[SERVER-71764] Implement cancellation contract for async_rpc operations Created: 01/Dec/22  Updated: 29/Oct/23  Resolved: 31/Jan/23

Status: Closed
Project: Core Server
Component/s: None
Affects Version/s: None
Fix Version/s: 6.3.0-rc0

Type: Improvement Priority: Major - P3
Reporter: George Wangensteen Assignee: Amirsaman Memaripour
Resolution: Fixed Votes: 0
Labels: None
Remaining Estimate: Not Specified
Time Spent: Not Specified
Original Estimate: Not Specified

Issue Links:
Depends
Duplicate
is duplicated by SERVER-71194 Make async_rpc::sendHedgeCommand kill... Closed
Related
is related to SERVER-73016 Cancellation semantics for async_rpc ... Closed
is related to SERVER-74466 Attach OperationKey in async_rpc for ... Closed
Backwards Compatibility: Fully Compatible
Sprint: Service Arch 2022-12-26, Service Arch 2022-12-12, Service Arch 2023-01-09, Service Arch 2023-01-23, Service Arch 2023-02-06
Participants:
Linked BF Score: 20

 Description   

We now have a defined cancellation contract that the async_rpc API should implement: 

The RPC library should append an OperationKey (GUID) to all operations it sends. When those operations are canceled, if networking has begun for that operation (i.e. any data may have been sent), the RPC unconditionally sends fire-and-forget _killOperations for that OperationKey to the same remote node. 

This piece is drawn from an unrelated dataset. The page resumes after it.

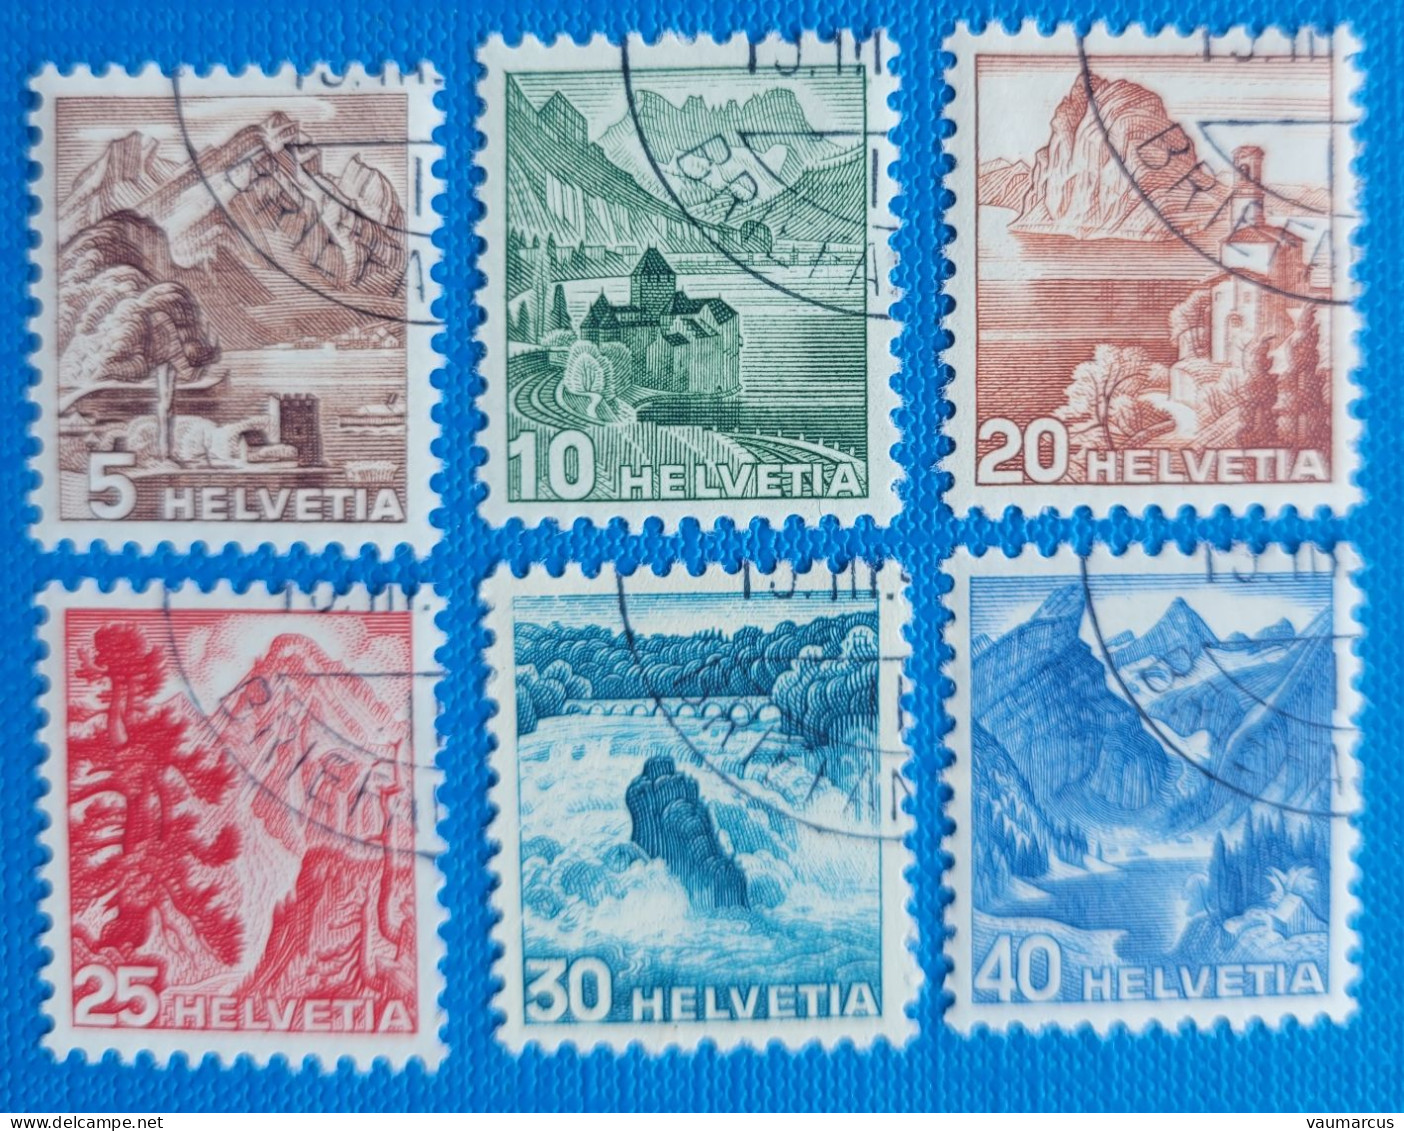 1948 Zu 285-290 / Mi 500-505 / YT461-466 Obl. 1er Jour 15.3.(48) LP Voir Description - Used Stamps

Since the library currently delegates to TaskExecutor/NetworkInterfaceTL to perform networking, implementing this cancellation contract will first involve cancelling any ongoing network interface operations, if they have begun. This is possible by simply using the cancellation token passed to the network interface, and should happen automatically if the async_rpc API's user cancels the token they passed in. Then, the async_rpc API should inspect the NetworkInterface operation response and see if it succeeded or successfully cancelled; if it succeeded, the async_rpc layer needs to send killOperations itself.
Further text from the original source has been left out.